Writing about history as well as science, Mikhail Epstein underscores Stengers’s link between the interesting and evidence in his account of the former as the “relationship of provability to probability.” Epstein writes, “What makes a certain theory interesting is its presentation of a consistent and plausible proof for what appears to be least probable. In other words, the interest of a theory is inversely proportional to the probability of its thesis and directly proportional to the provability of its argument” (78).
Epstein continues,
If wonder involves the measure of improbability, then reason provides the measure of provability. We now see that the category of the interesting emerges as the measure of tension between wonder and understanding or, in other words, between the alterity of the object and reason’s capacity to integrate it. On the one hand, an object offering a proliferation of wonders without any reasonable explanation diminishes its potential to be interesting because we give up all hope of rationally integrating such a phenomenon. On the other hand, the evacuation of wonder that guarantees an easy triumph for reason undermines our interest as well. (79)

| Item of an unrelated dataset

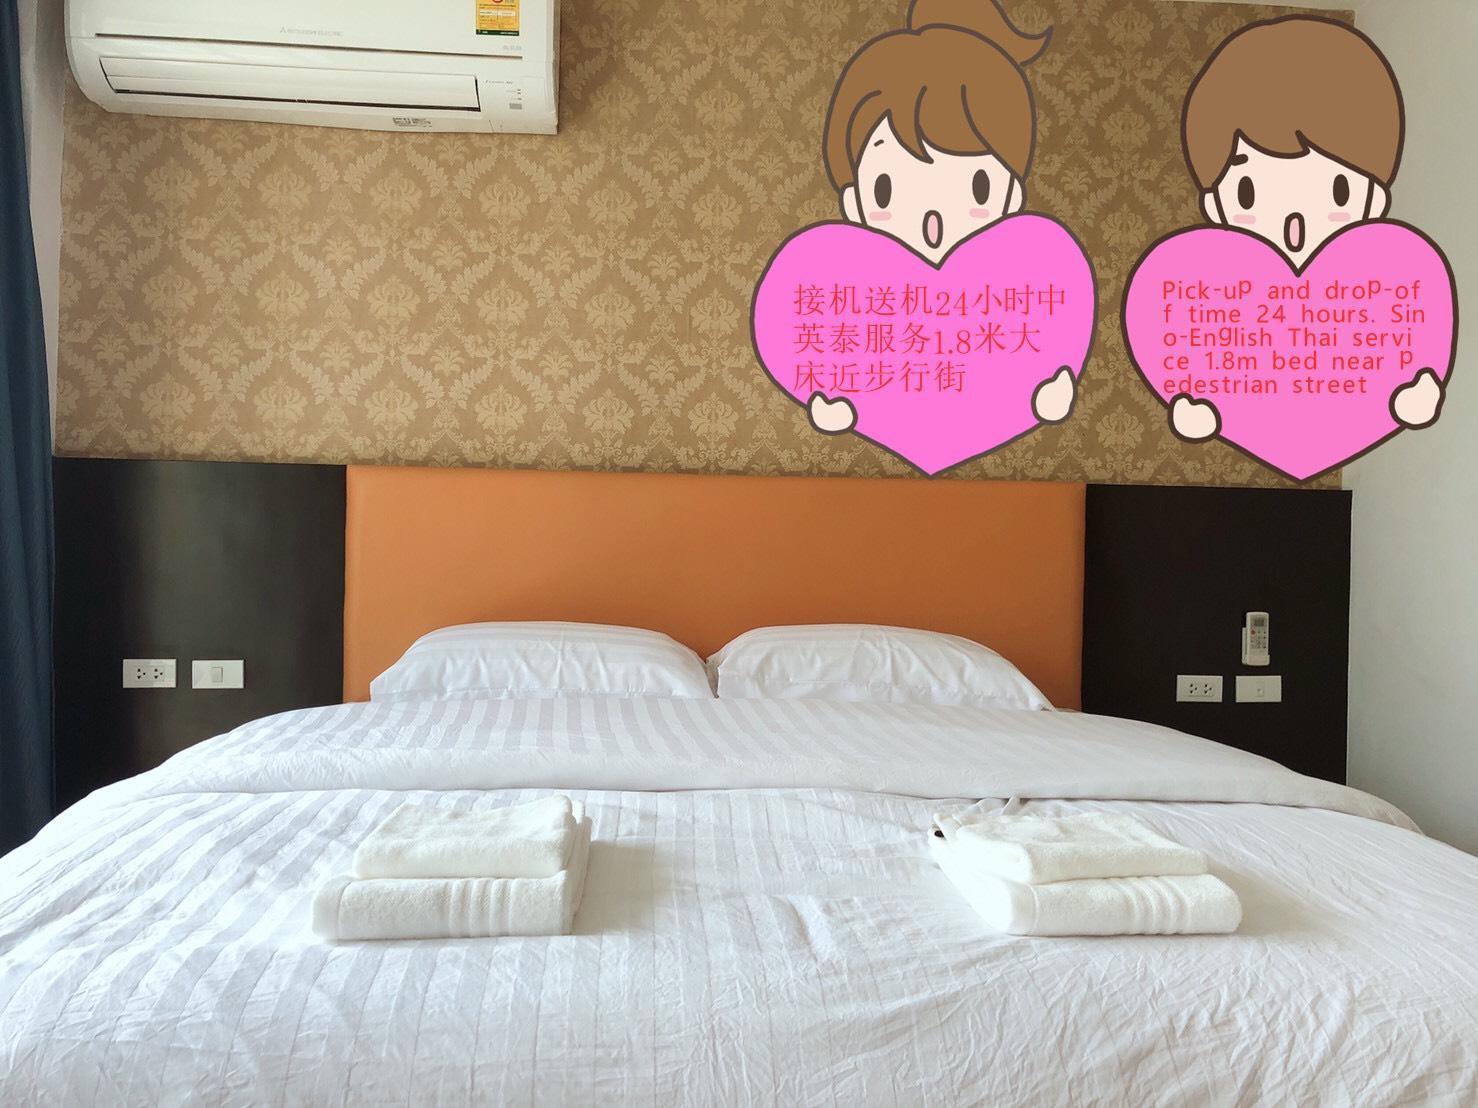 [HW]1.8m Double Room 36m2 Large Room 3 อพาร์ตเมนต์ 1 ห้องนอน 1 ห้องน้ำส่วนตัว ขนาด 36 ตร.ม. – พัทยากลาง

Ngai, Sianne. Our Aesthetic Categories. First Harvard University Press, 2012.
can “you might be interested in…” be considered a kind of thesis?
algorithms/companies in an attempt to know us (you might be interested in…), do they open us to wonder (the unexpected?) or do they simply tunnel vision us on the easiest cases? (116, ’the evacuation of wonder’) do they let us return to the interesting later? or in the case of twitter, do we simply react and move on? does forgetting allow us to return and re-discover why we found it interesting in the first place?
is the failure of these schemes (yes/no) that they don’t provoke us to evaluate why we find something interesting? or that if they do provoke us, the reappraisal is simply turned into ad money?
or do they simply enable us to break ’the interesting’ down into its elements and become database animals (124, 125), related to Otaku
a ’like’ is a catch-all for many different kinds of judgements?